Skinner had few words to say in court and refused to speak to a reporter about the incident afterwards.

Since the defendant was pleading no contest, Capper requested a report from the prosecuting attorney before determining the sentence.

Assistant Lawrence County Prosecutor Jeffrey Smith read to the courtroom statements made at the time of the investigation by Lawrence County Sheriff’s Deputy Jason Newman.

Newman stated he was called to the scene on July 25 in Rome Township because of the concern of neighbors about the dog.

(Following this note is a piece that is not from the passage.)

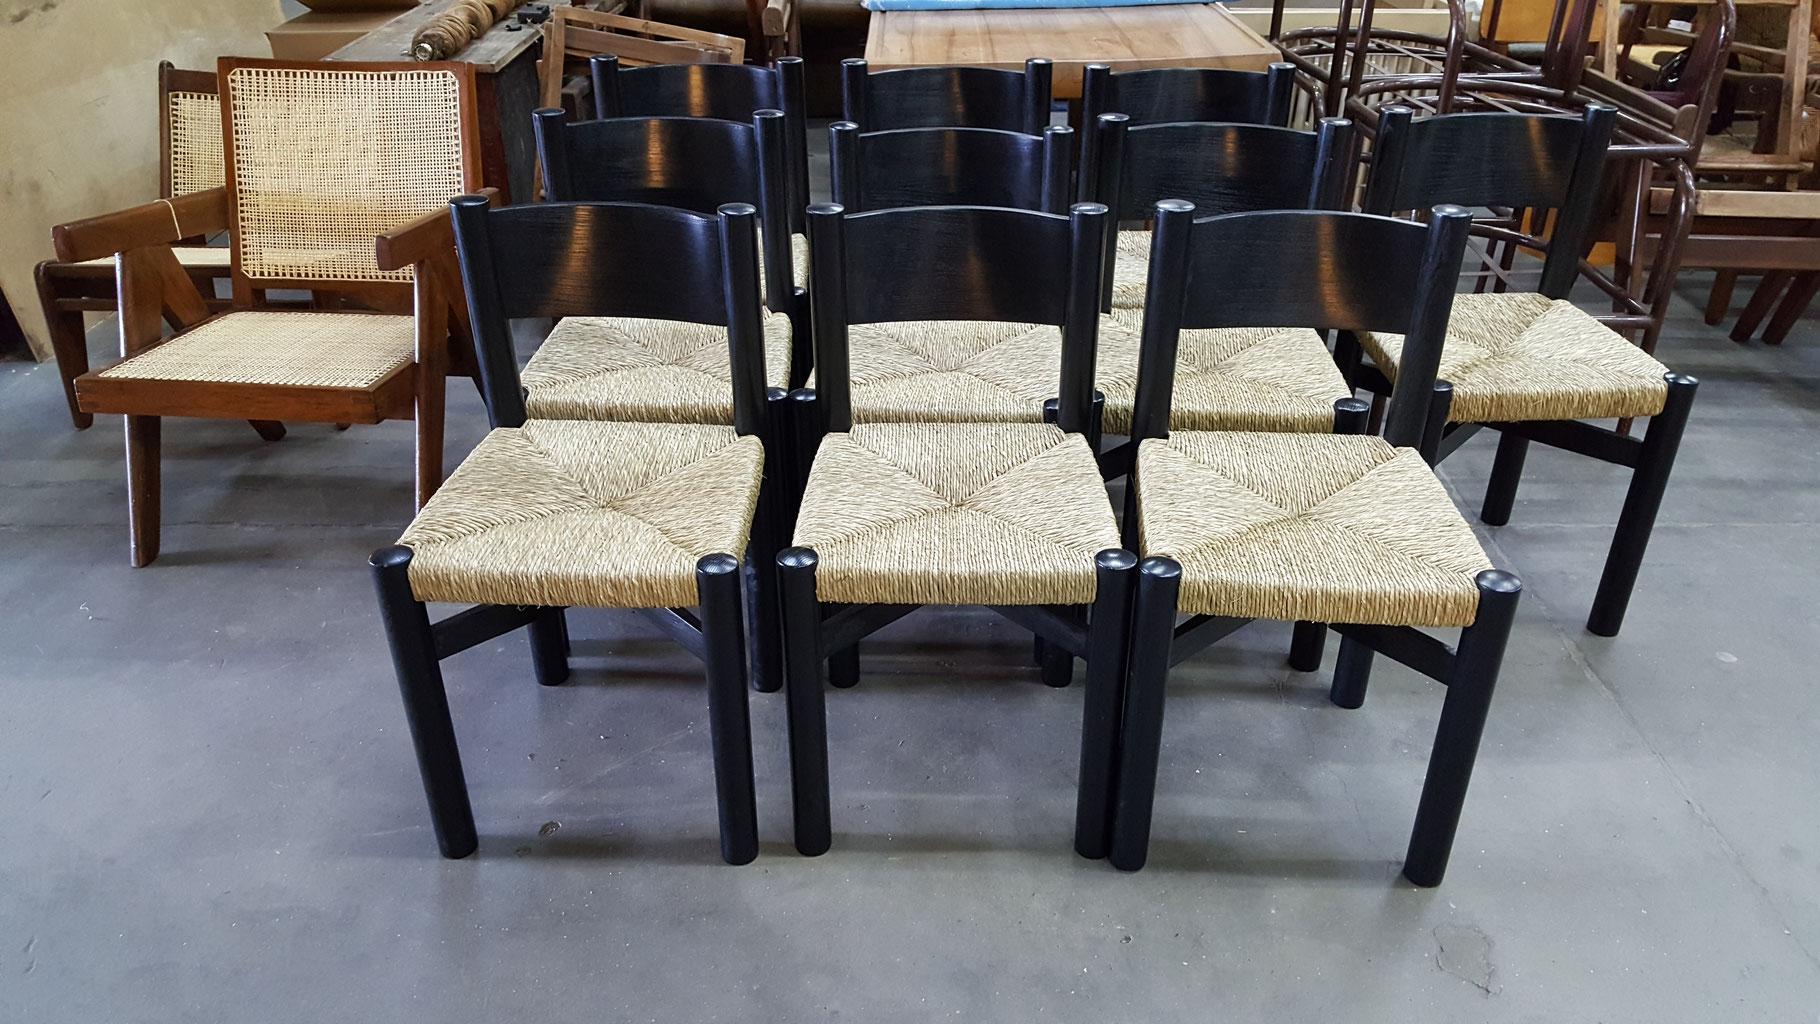 r paration cannage chaise rempailleur fauteuil rempaillage rotin nouveaux sieges. Black Bedroom Furniture Sets. Home Design Ideas

They stated Skinner did not seem to be living there at the time but would come to the house for a few minutes.

Newman observed the chain cutting into the neck of the dog; that it was imbedded in the skin of the animal; and that it was infected, according to the information Smith told the judge.

The Lawrence County dog warden was contacted at the time but said he was unable to come to the scene. Neighbors then took the animal to a local veterinarian, Smith said.

Smith also told the court there were photographs of the injuries to the dog.

Additional information from Newman’s affidavit stated that Sharon Jenkins, a neighbor, had been feeding the dog. Jenkins was the neighbor who contacted the police.

“The bottom of the neck of the dog was very infected,” Newman’s report said.

“The dog had pus and several cuts from the chain.”

Dr. Steve Mahnken was the vet who cared for Hammer and reported back to the deputy.

“He states that the chain was possibly on the dog for approximately four or five months,” Newman stated. “The chain was actually under the skin from where the skin that was damaged had grown back over the chain. … Dr. Mahnken stated he has been a veterinarian for 18 years and has never seen a dog in this type of medical condition.”

The crime is a second degree misdemeanor whose penalty is 90 days in jail and a $750 fine, Capper said.

The judge postponed sentencing because he wanted to know the total cost of the vet bill so Skinner could make restitution.

The judge set sentencing for 10 a.m. Aug. 15. Skinner is free on a $1,000 signature bond.

Currently the dog is recuperating at the Best Friends Animal Hospital in Teays Valley, W.Va.